Nothing
#' Create station info file from cube files.
#'
#' This function reads GPS tags from Omnirecs/Digos Datacube files and creates
#' a station info file from additional input data. It depends on the cubetools
#' or gipptools software package (see details).
#'
#' A station info file is an ASCII file that contains all relevant information
#' about the individual stations of a seismic network. The variables contain a
#' station ID (containing not more than 5 characters), station name, latitude,
#' longitude, elevation, deployment depth, sensor type, logger type, sensor
#' ID and logger ID.\cr The function requires that the software cubetools
#' (\code{http://www.omnirecs.de/documents.html}) or gipptools
#' (\code{http://www.gfz-potsdam.de/en/section/geophysical-deep-sounding/infrastructure/geophysical-instrument-pool-potsdam-gipp/software/gipptools/})
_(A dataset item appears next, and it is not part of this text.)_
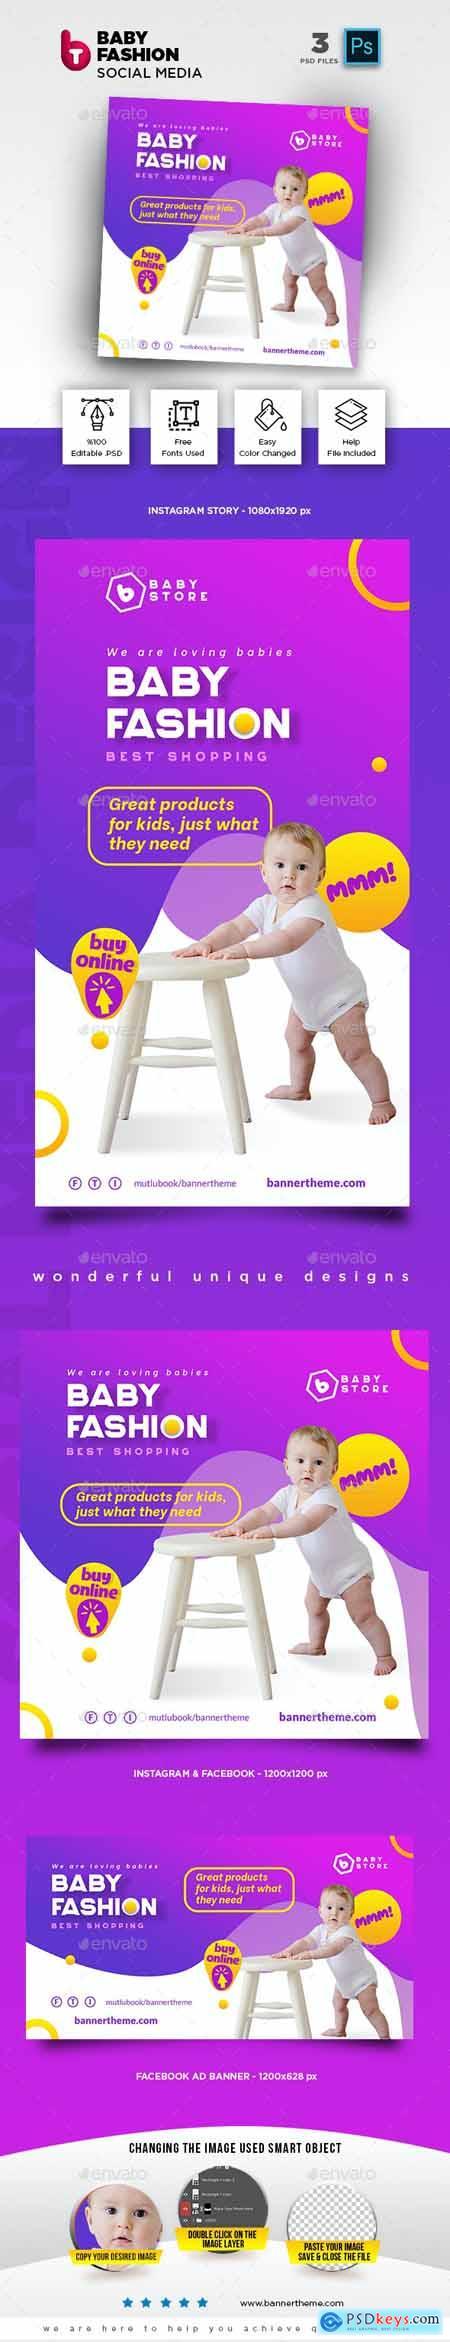 Baby Fashion Social Media Pack 26435839

#' are installed. Note that GPS tag extraction may take several minutes per
#' cube file. Hence, depending on the number of files and utilised CPUs the
#' processing may take a while.\cr Specifying an input directory
#' (\code{input_dir}) is mandatory. This input directory must only contain the
#' subdirectories with the cube files to process, each set of cube files must
#' be located in a separate subdirectory and these subdiretories must
#' have the same name as specified by the logger IDs (\code{logger_ID}). An
#' appropriate structure would be something like: \cr
#' \enumerate{
#' \item input
#' \enumerate{
#' \item A1A
#' \enumerate{
#' \item file1.A1A
#' \item file2.A1A
#' }
#' \item A1B
#' \enumerate{
#' \item file1.A1B
#' \item file2.A1B
#' }
#' }
#' }
#'
#' @param name \code{Character} value, file name of the output station info
#' file, without extention (will be added as *.txt).
#'
#' @param input_dir \code{Character} value, path to directory where all cube
#' files to be processed as stored. Each set of files from one logger must be
#' stored in a separate sub-directory named after the cube ID.
#'
#' @param output_dir \code{Character} value, path to directory where output
#' data is written to.
#'
#' @param station_ID \code{Character} vector, seismic station ID. Each value
#' must not contain more than 5 characters. Longer entries will be clipped. If
#' omitted, a default ID will be created.
#'
#' @param station_name \code{Character} vector, seismic station name. If
#' omitted, the station ID is used as name.
#'
#' @param station_z \code{Numeric} vector, elevation of the seismic stations.
#'
#' @param station_d \code{Numeric} vector, deployment depth of the seismic sensor.
#'
#' @param sensor_type \code{Character} vector, sensor type.
#'
#' @param logger_type \code{Character} vector, logger type.
#'
#' @param sensor_ID \code{Character} vector, sensor ID.
#'
#' @param logger_ID \code{Character} vector, logger ID.
#'
#' @param unit \code{Character} value, coordinates unit of the location. One
#' out of \code{"dd"} (decimal degrees) and \code{"utm"} (metric in UTM zone).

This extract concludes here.